Two weeks until Bob’s back

Everyone I talk to is going over the hill – finally they have a good reason to visit Hamilton.

Hush my mouth. There are, of course, many good reasons to go to Hamilton. Give me a few minutes and I'll think of one. Okay. We'll get back to that.

Bob Dylan's gig in Hamilton will see him closer to Tauranga than
he's ever been before.

The reason all the folk I talk to are heading across the Kaimai Ranges is in exactly two weeks' time Bob Dylan will be closer to Tauranga than he's ever been before.
Yep, it's nearly Bob-time – and once again it's worth mentioning this may be the very last occasion the old fella will drag his tired bones down to this part of
the world.

He's 73 now. He comes to New Zealand around every four years, last time was 2011.
Bob at 77? It seems hard to imagine. After all, he's no Leonard Cohen.

That was another 'sort of” joke. Bob and Leonard are two very different beasts. Leonard's voice seems to improve with age, and he has a precision band and superb sound set-up.

A vocal struggle

Bob is using a varied range of strategies to work around his vocal deterioration; the band is kept on a tight rein and his sound is absolutely hit or miss.

Which is why I'm not going this time. After 2011 when I shelled out $200 for 13th row tickets at the Vector, then couldn't hear a thing because the sound was so awful I vowed to give Bob a miss in future. And I've been to every tour here since the seventies.

But I don't say that to put anyone off. There are still tickets for the Sunday night at Claudelands. Bob could be brilliant; he often is. And the thing about a Dylan show, unlike those of Field Commander Cohen, is they're still wildly unpredictable.

That's something Dylan fans have always cherished, a badge of honour if you like, the fact that their man will zig when the rest of the world zags.

In a weird contradiction, the fact he still confounds expectations and disappoints his fans is actually treasured as part of his appeal.

Singing Frank's songs

So what can I tell you in preparation for the Bob show in a couple of weeks? I could mention he has a new album coming out in August, which will, apparently, be an album of Frank Sinatra songs.

It might be called ‘Shadows In The Night'. Back in May he released a cover of Sinatra's 1945 hit ‘Full moon and empty arms' as a teaser.

But that won't help with the show, as he's yet to perform any of Frankie's tunes live.
The strange thing about Dylan's shows in the last couple of years is...they've been all the same.
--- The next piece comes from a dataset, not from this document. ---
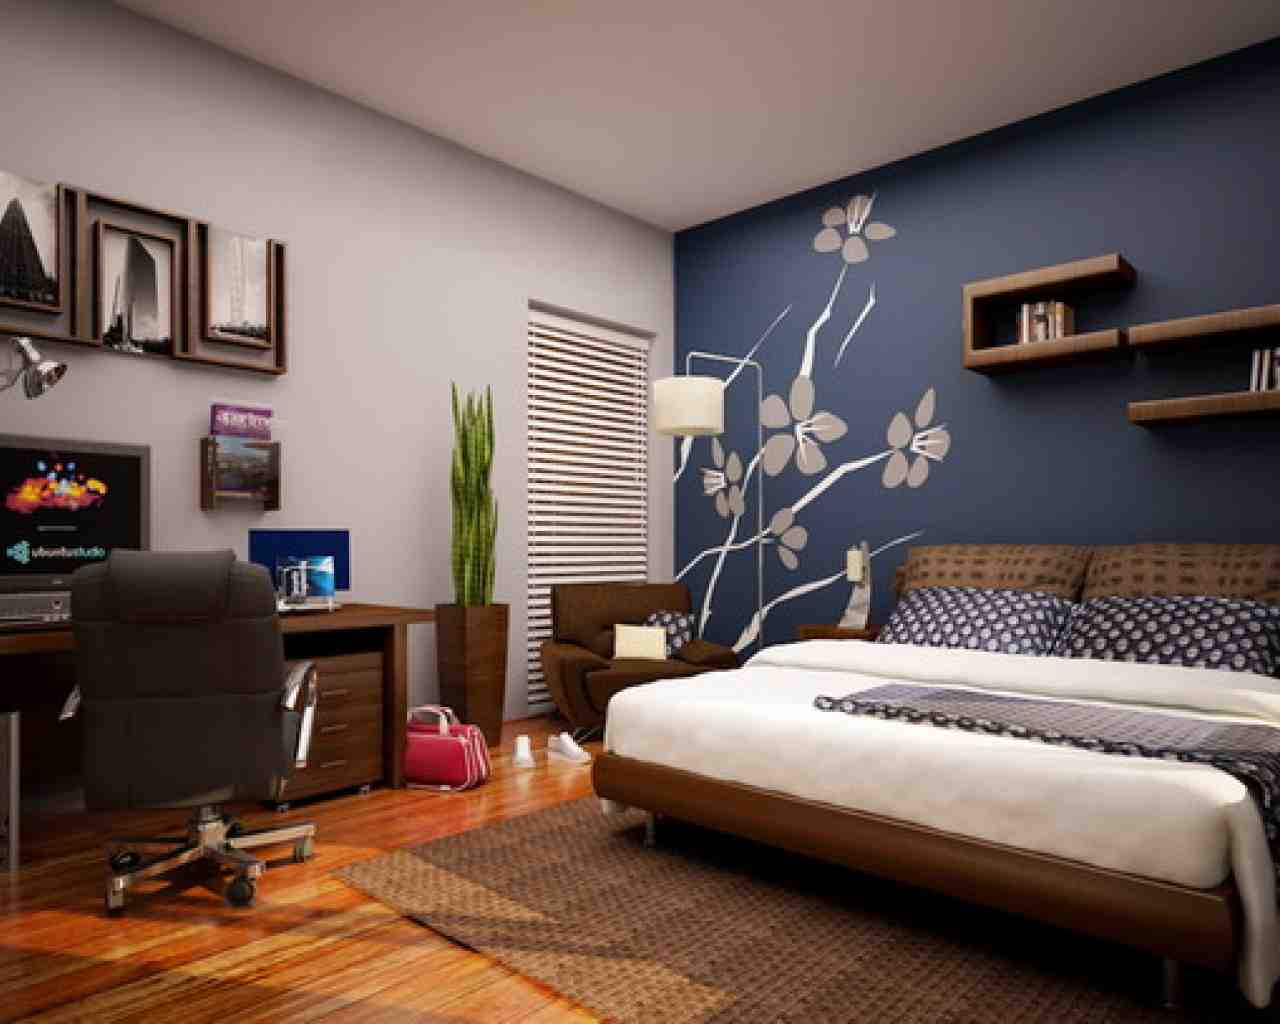 Decorating Bedroom Walls Paint

Yep, the guy who famously plays different songs at every show suddenly changed his modus operandi overnight and started playing exactly the same songs every night.
That came as a shock, particularly to die-hard fans who travel to every concert on a tour.

Every show, night after night, they got the same 17 songs. And, to be a bit more perverse, these weren't exactly 17 greatest hits.

I won't give away the whole thing, it's easy enough to Google, but the set included a mere three songs from the sixties. And two from ‘Blood on The Tracks' representing the seventies.

And there were six songs from his latest album ‘Tempest', along with the remarkably obscure likes of ‘What Good Am I?' and ‘Waitin' For You'.

Surprise tunes

But, before you decide that going to both nights to hear the same songs would be overdoing it, one more thing: last month on his European tour Bob started mixing it up by, some nights, playing a totally different 17 songs, except the final encore of ‘All Along The Watchtower'.

This set included not a single song from ‘Tempest', but it did showcase eight well-known sixties songs.

In Europe Bob pretty much alternated one set with the other, so in Hamilton it's pretty much anyone's guess as to what you'll get to hear. I'll keep my fingers crossed the sound is good for you. Wish I was there.